::: Records shown

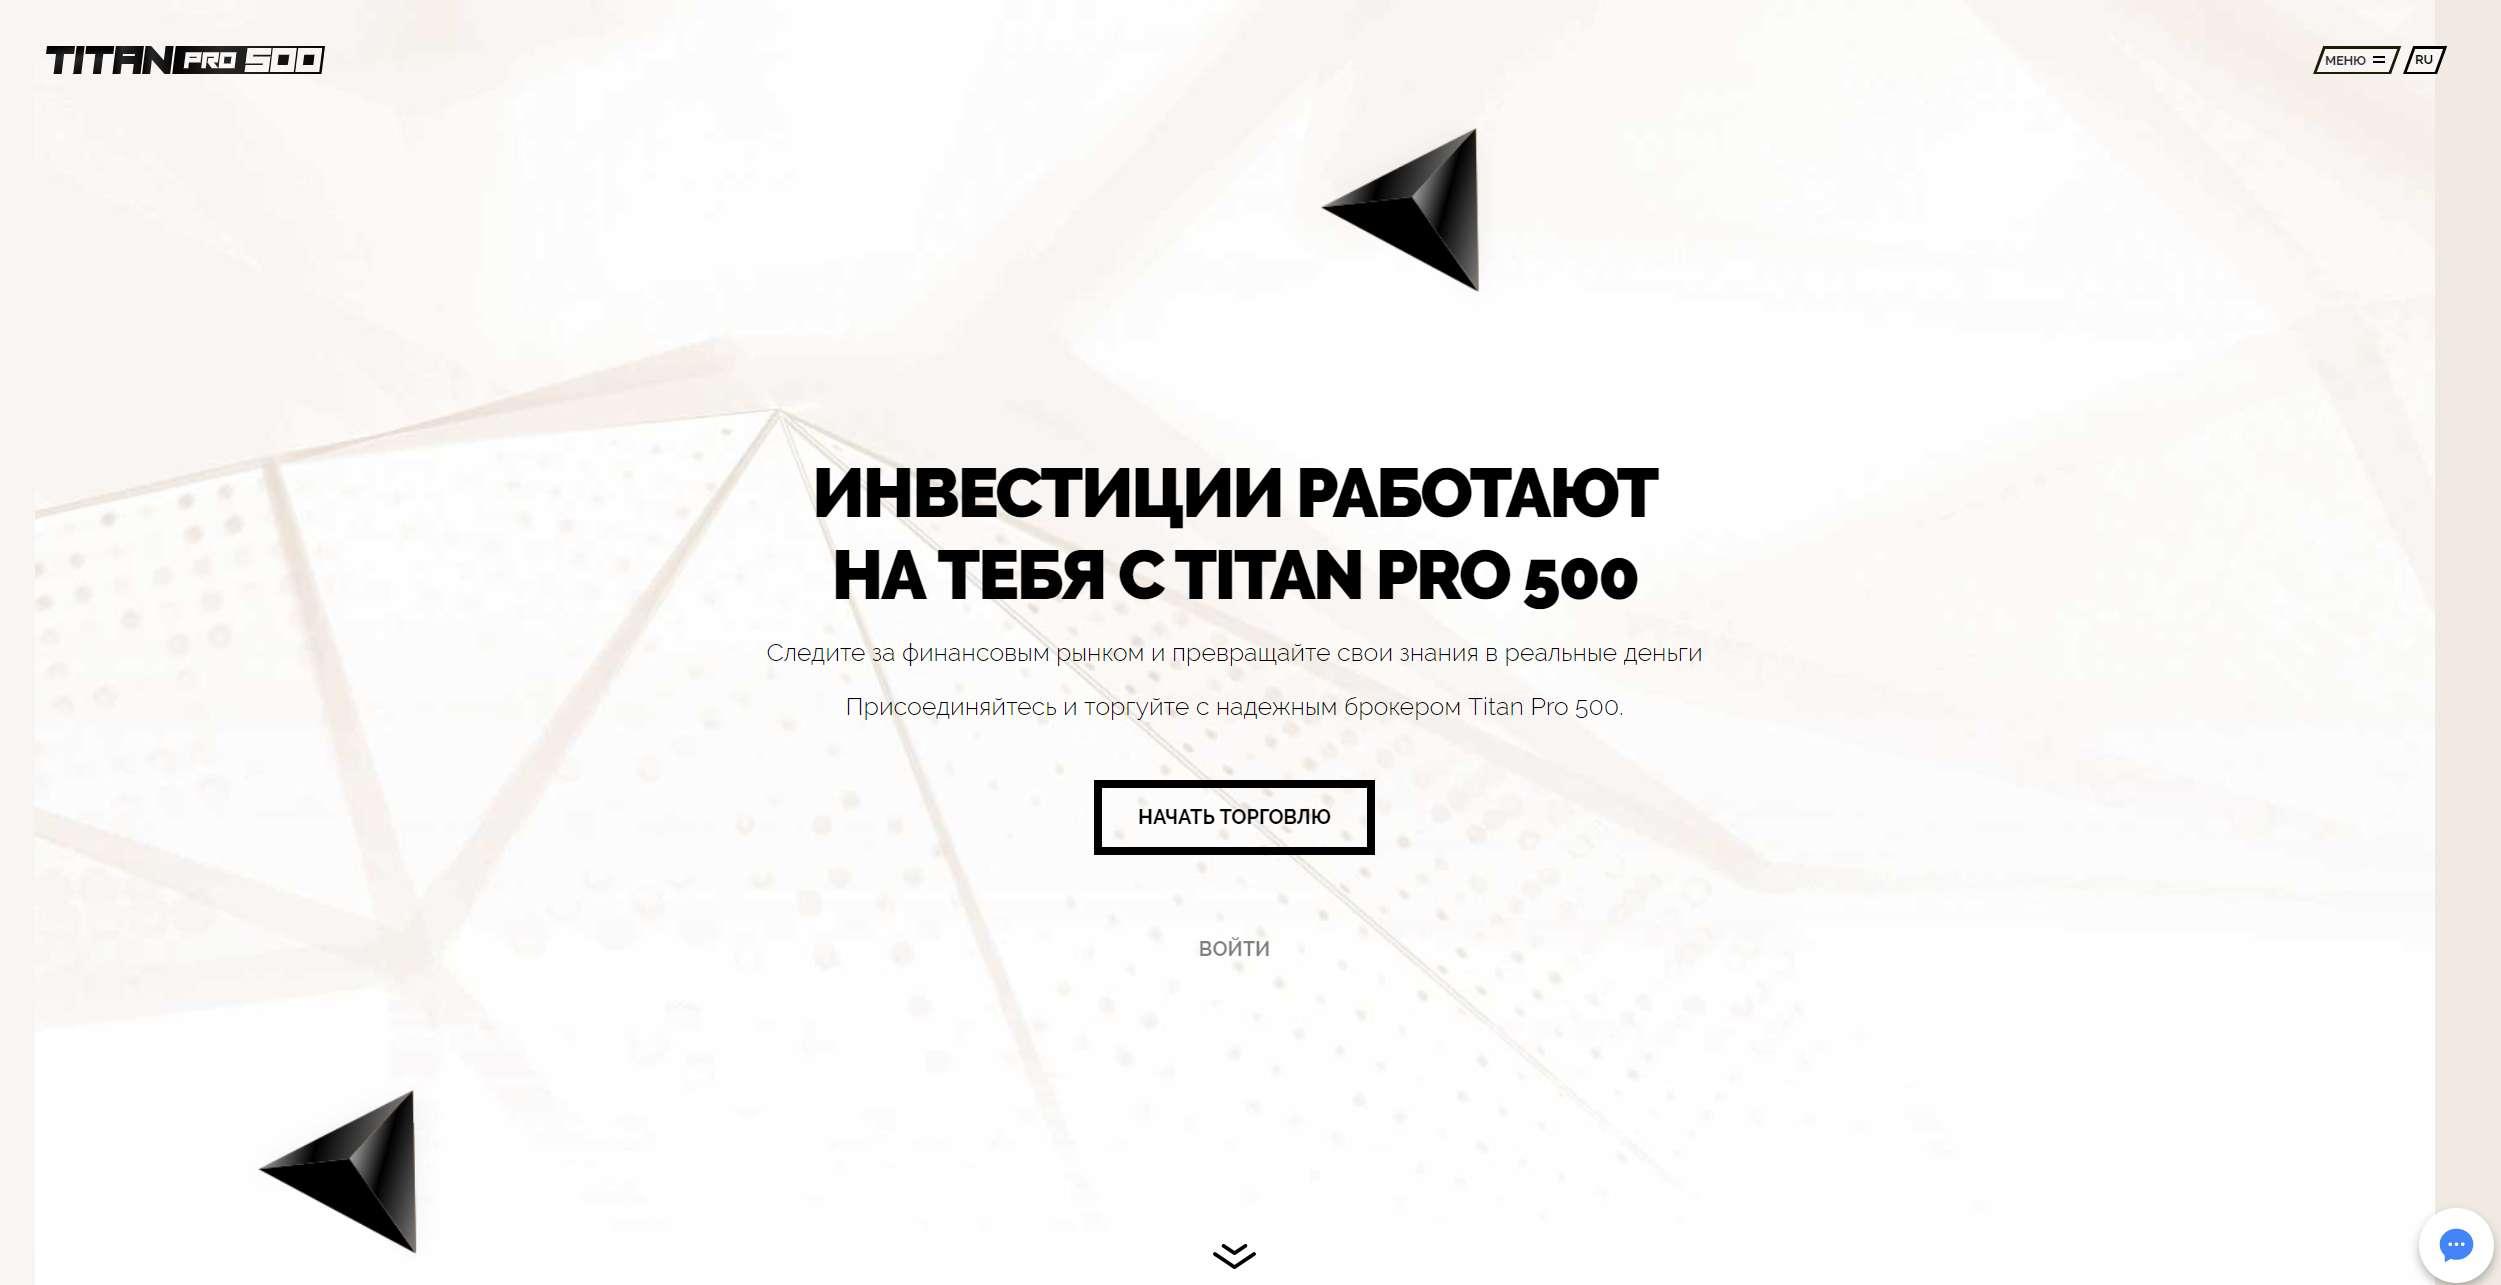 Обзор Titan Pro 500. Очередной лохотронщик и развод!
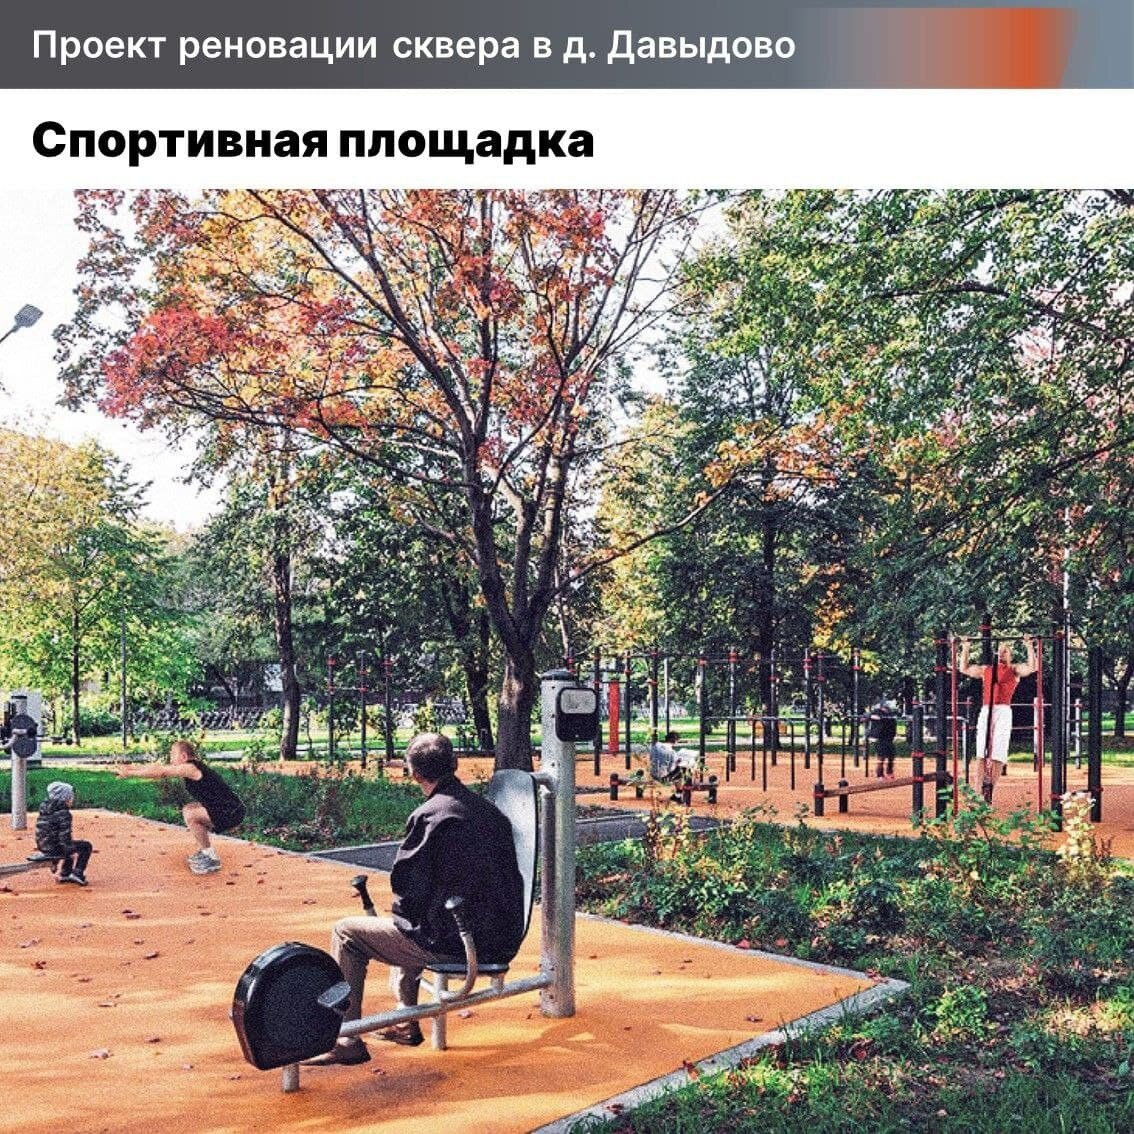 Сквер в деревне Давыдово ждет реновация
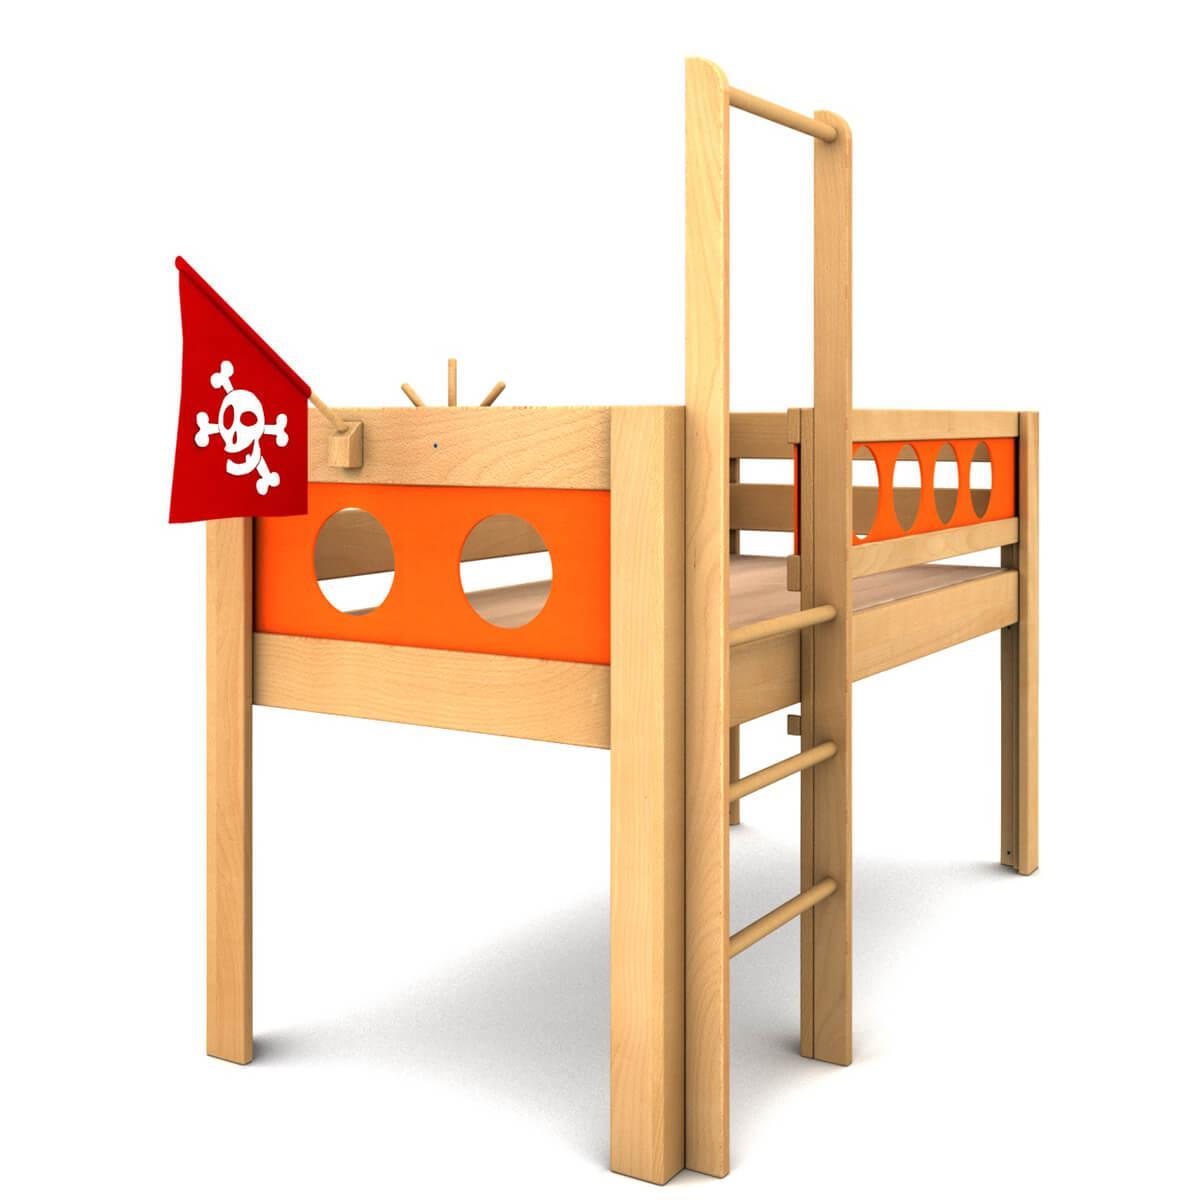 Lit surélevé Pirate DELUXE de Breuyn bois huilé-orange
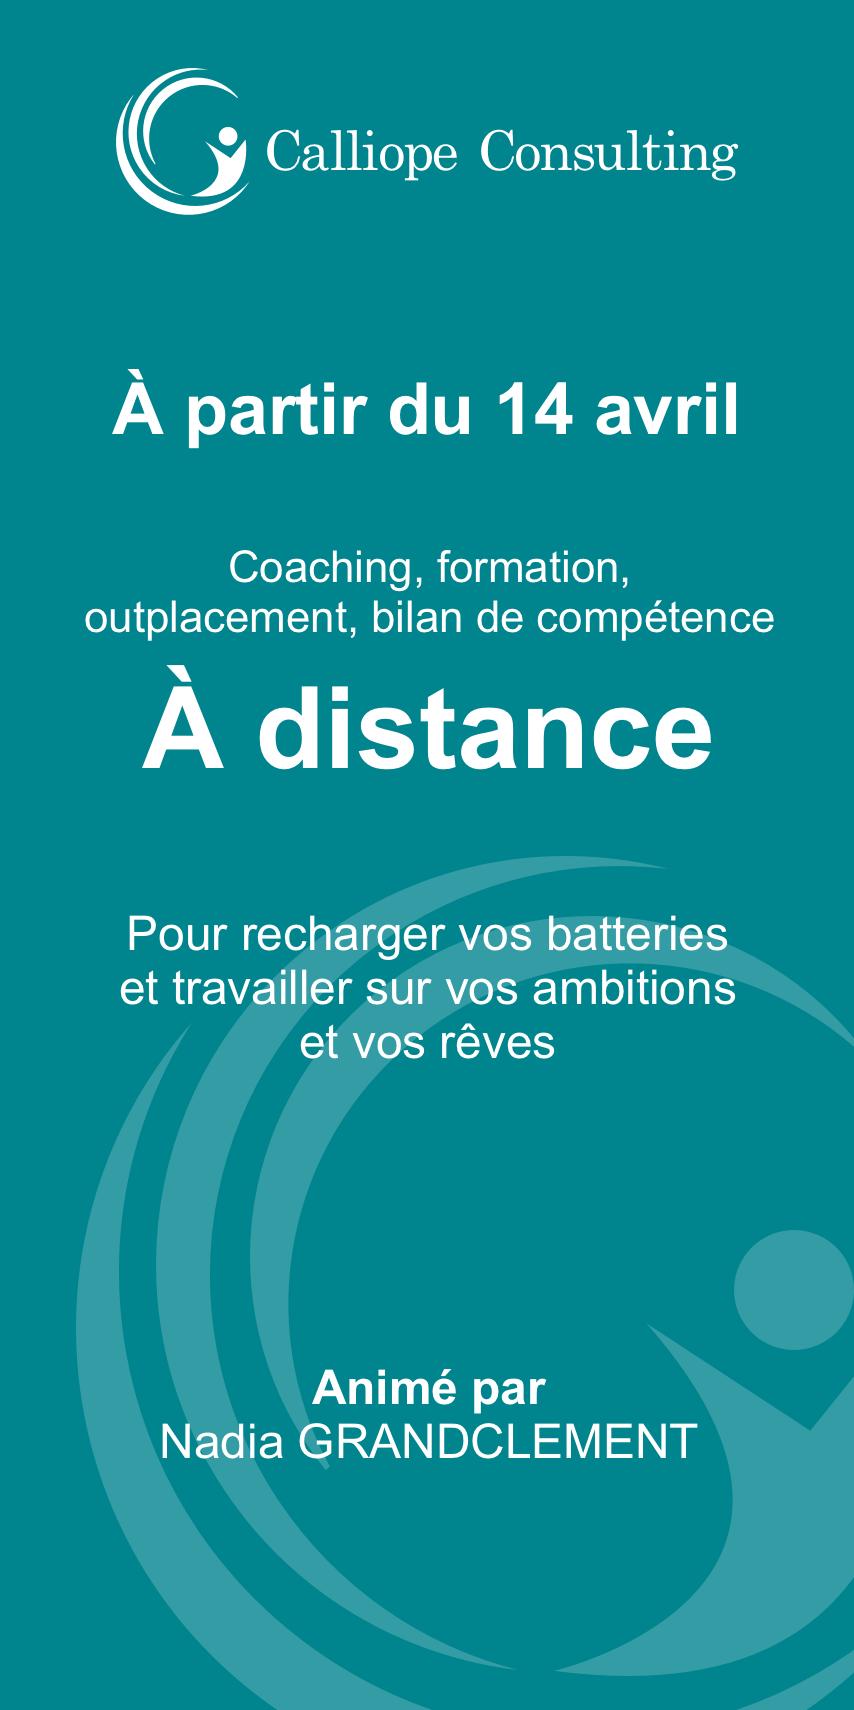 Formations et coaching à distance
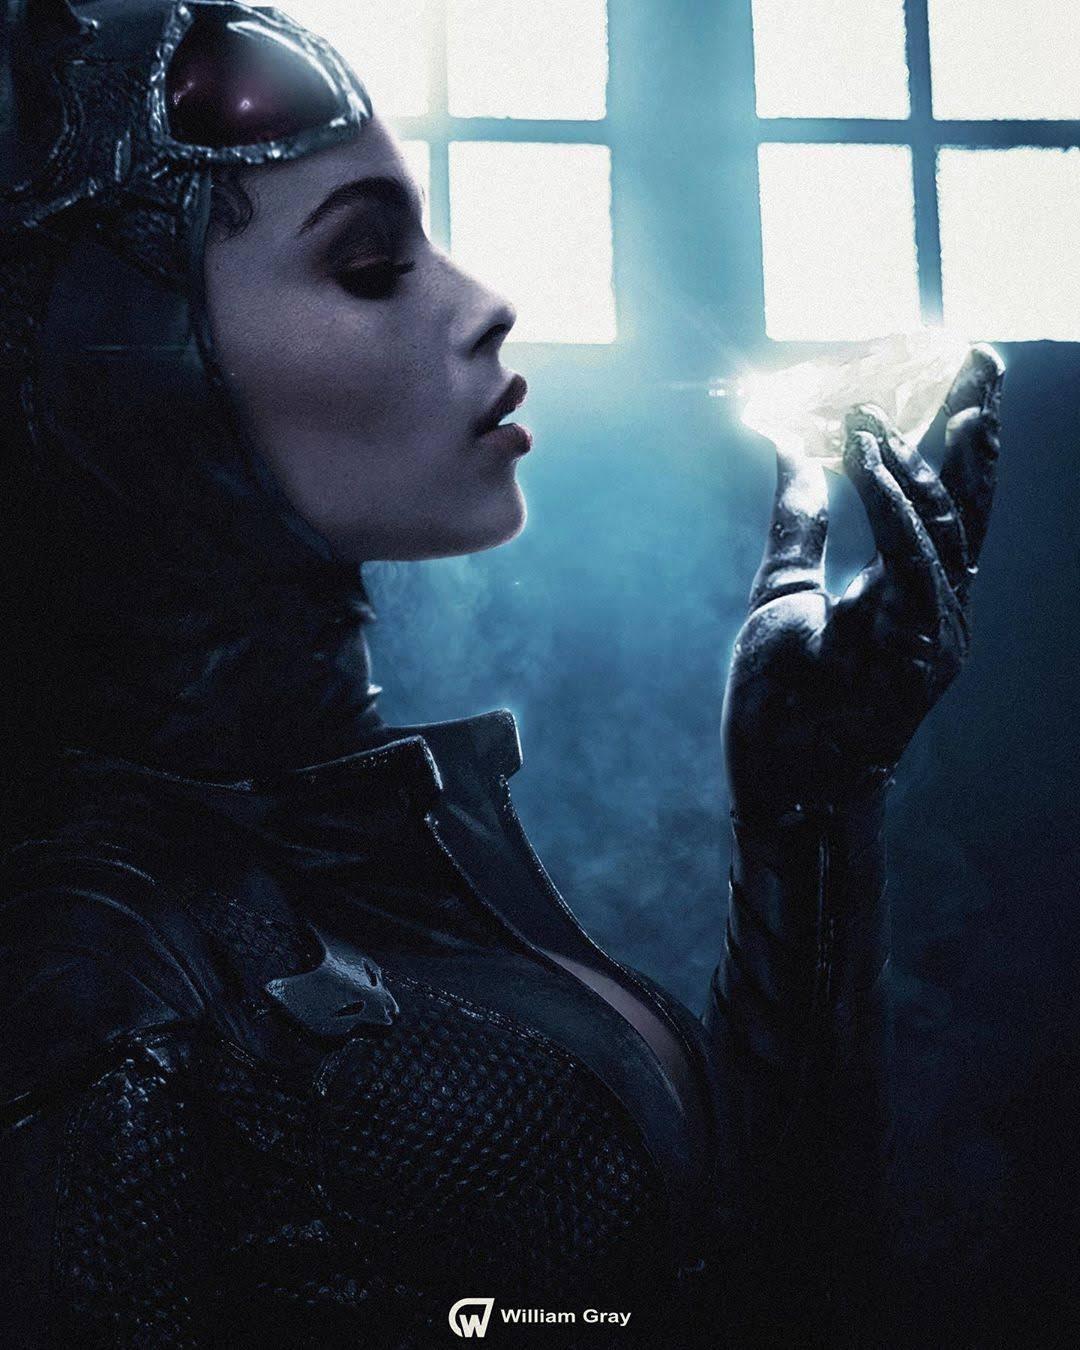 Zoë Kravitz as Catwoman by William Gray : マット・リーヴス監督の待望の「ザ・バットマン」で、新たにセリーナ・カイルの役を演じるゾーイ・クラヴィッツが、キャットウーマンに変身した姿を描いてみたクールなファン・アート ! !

::::::

§ About this exercise:
Reproduce the lines above, exactly and exclusively, from the line containing "Lit surélevé Pirate" down to the last line, both included; pictures are not part of the copy.

§ Answer section:
 Lit surélevé Pirate DELUXE de Breuyn bois huilé-orange
 Formations et coaching à distance
 Zoë Kravitz as Catwoman by William Gray : マット・リーヴス監督の待望の「ザ・バットマン」で、新たにセリーナ・カイルの役を演じるゾーイ・クラヴィッツが、キャットウーマンに変身した姿を描いてみたクールなファン・アート ! !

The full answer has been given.